Assignment
Below are records with pictures in them. Output exactly the lines from the one with "Groovy Ikea Ingolf" through the one with "Fun Furnishings Purple", both included, and leave every picture out; give only those lines.

Data to examine

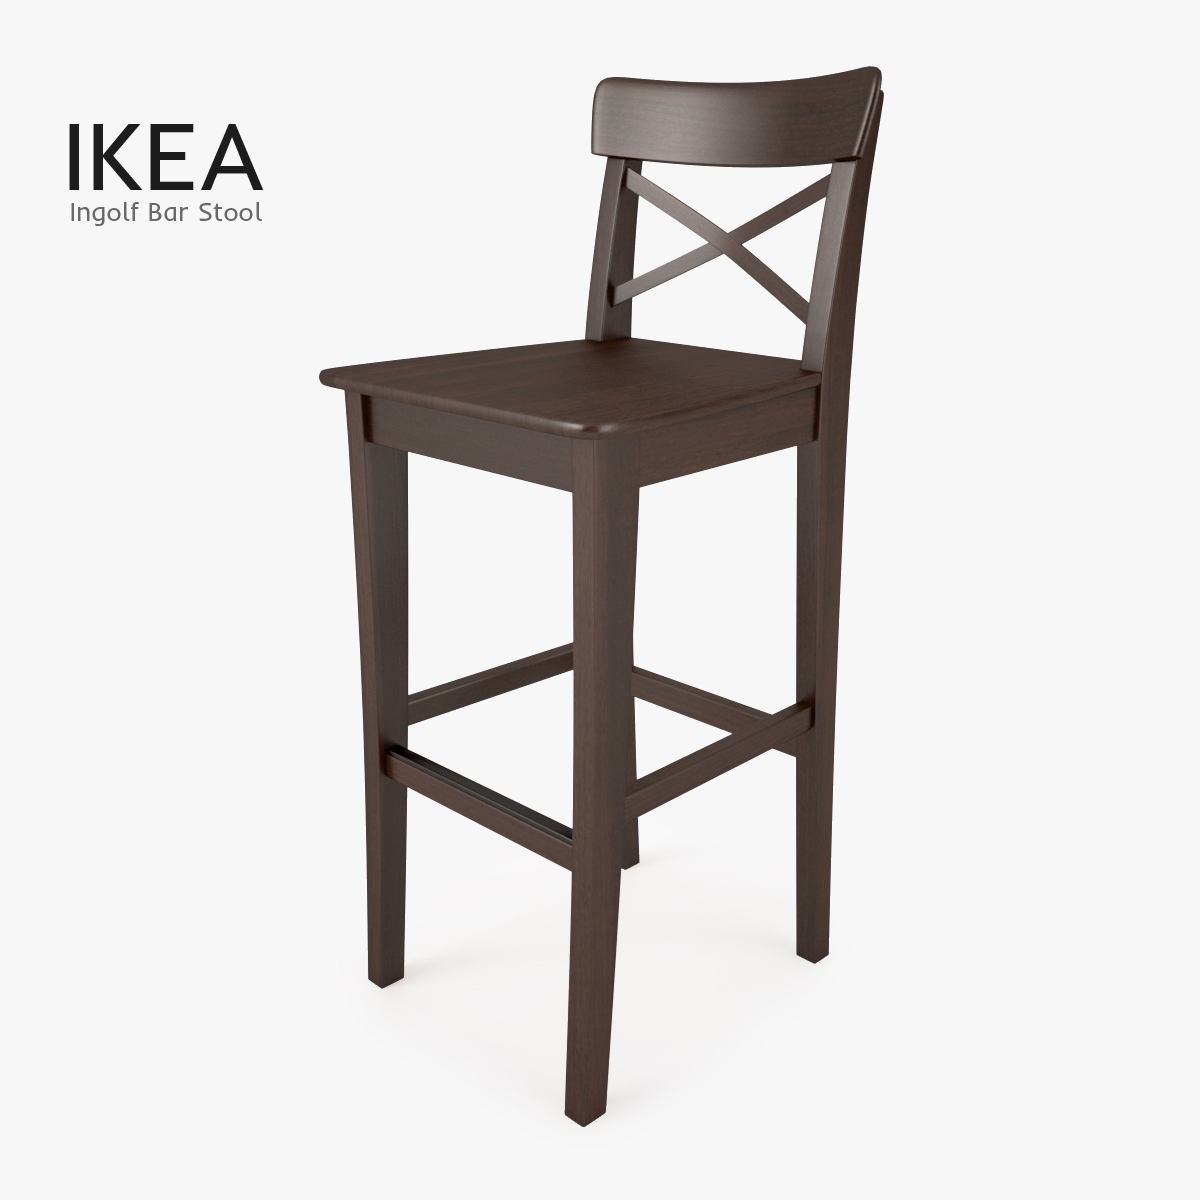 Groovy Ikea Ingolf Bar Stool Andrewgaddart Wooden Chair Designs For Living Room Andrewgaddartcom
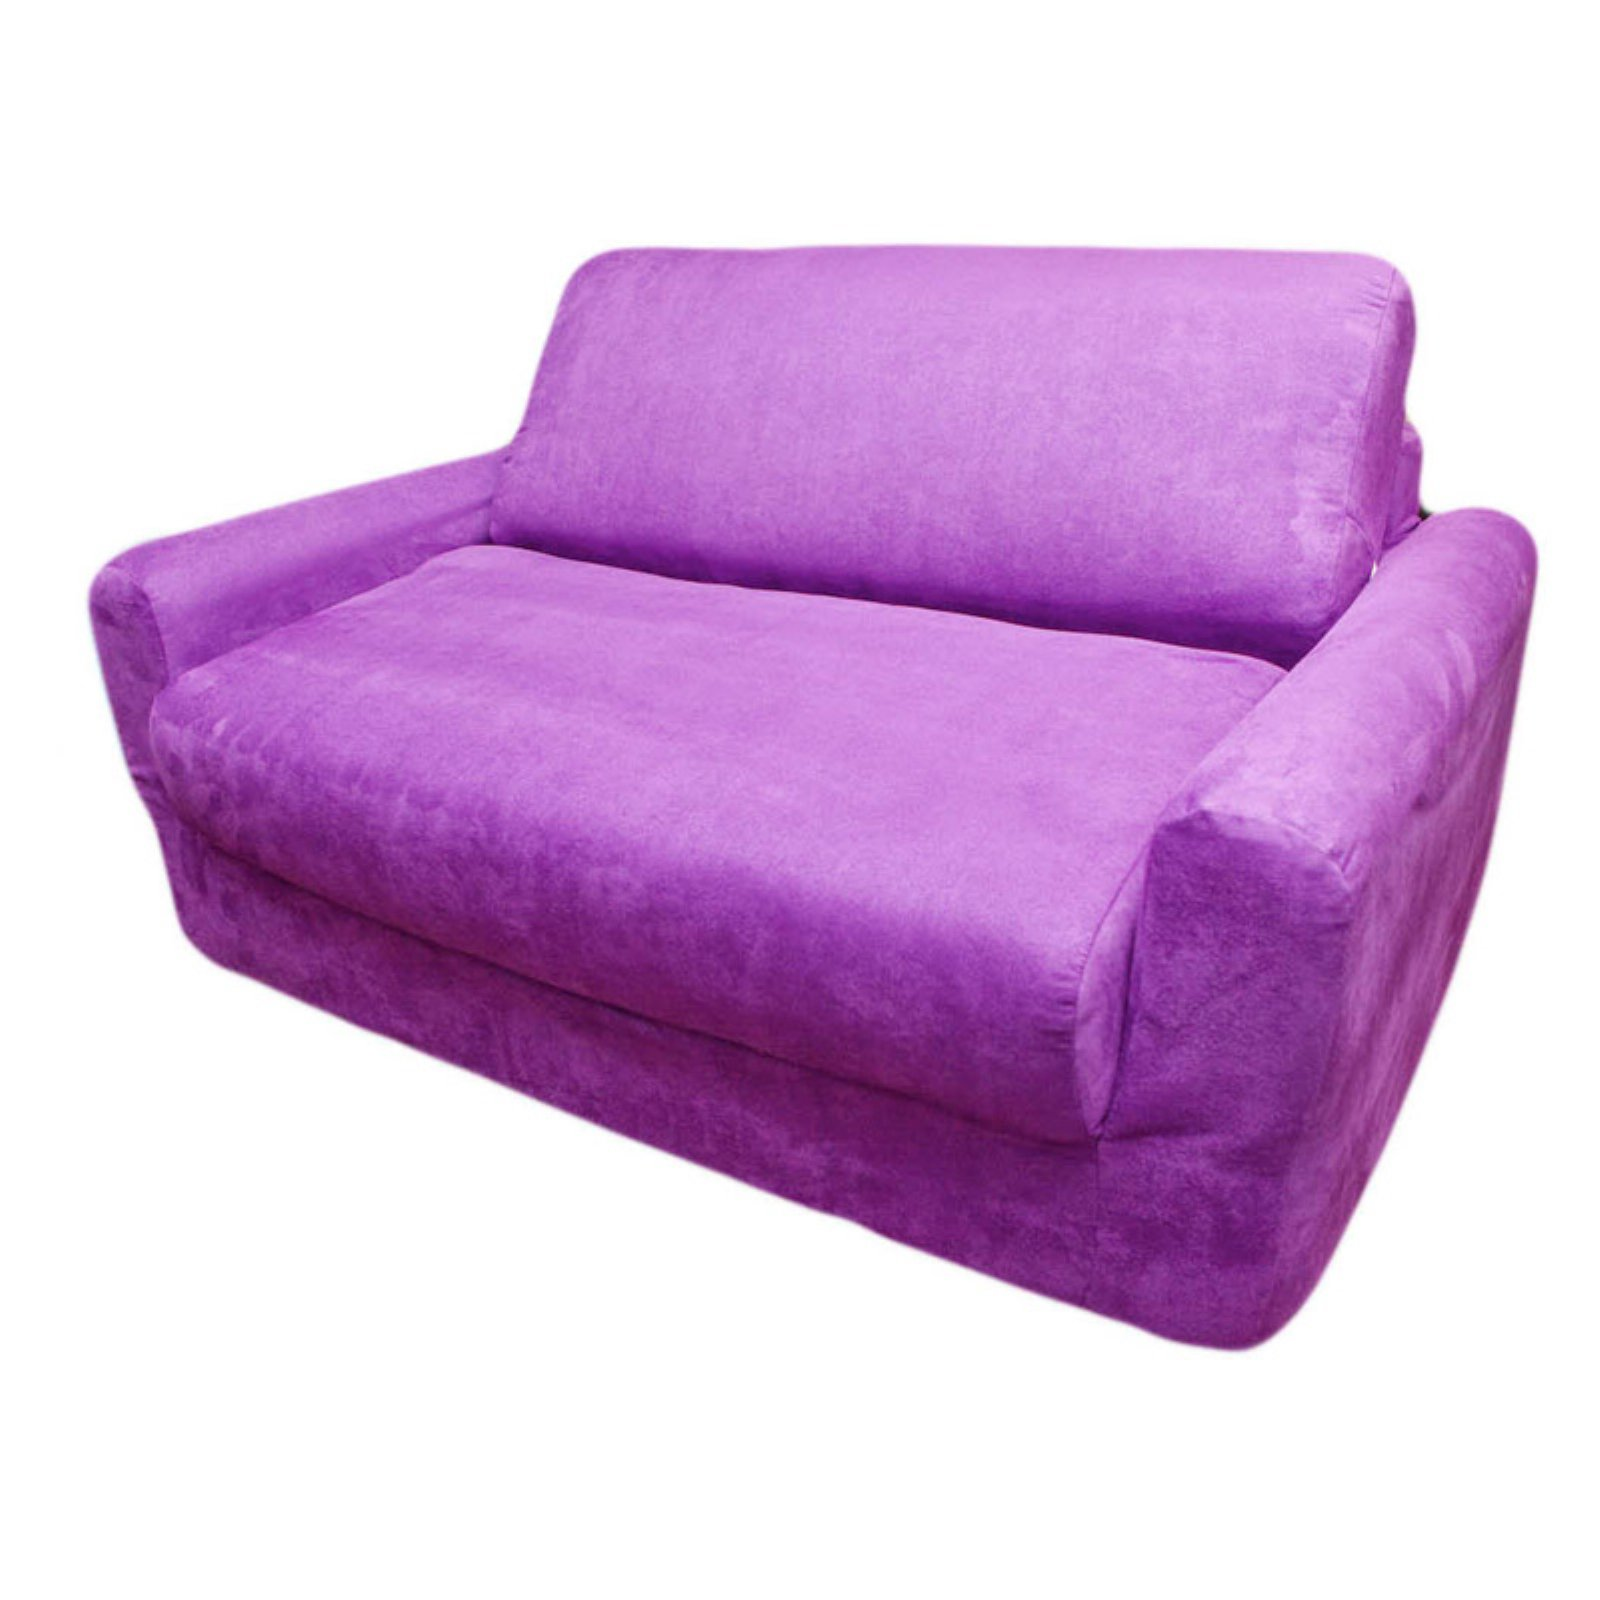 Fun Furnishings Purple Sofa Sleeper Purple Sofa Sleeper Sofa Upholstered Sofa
...
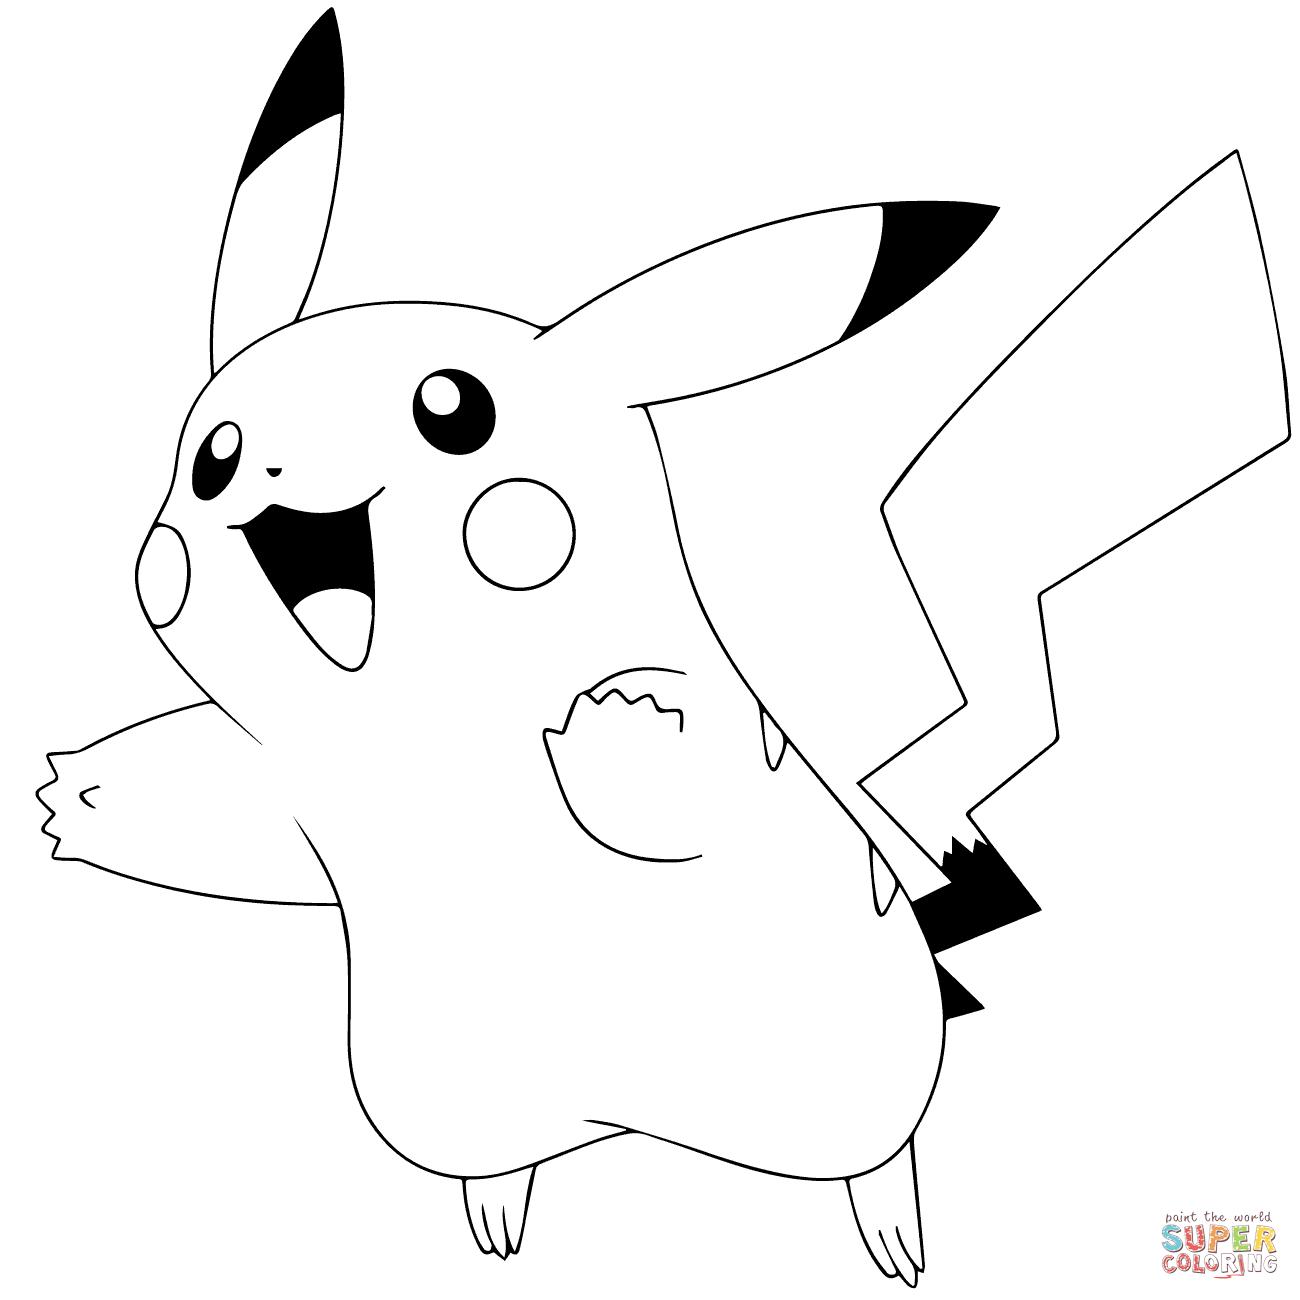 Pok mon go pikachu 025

Response below
 Groovy Ikea Ingolf Bar Stool Andrewgaddart Wooden Chair Designs For Living Room Andrewgaddartcom
 Fun Furnishings Purple Sofa Sleeper Purple Sofa Sleeper Sofa Upholstered Sofa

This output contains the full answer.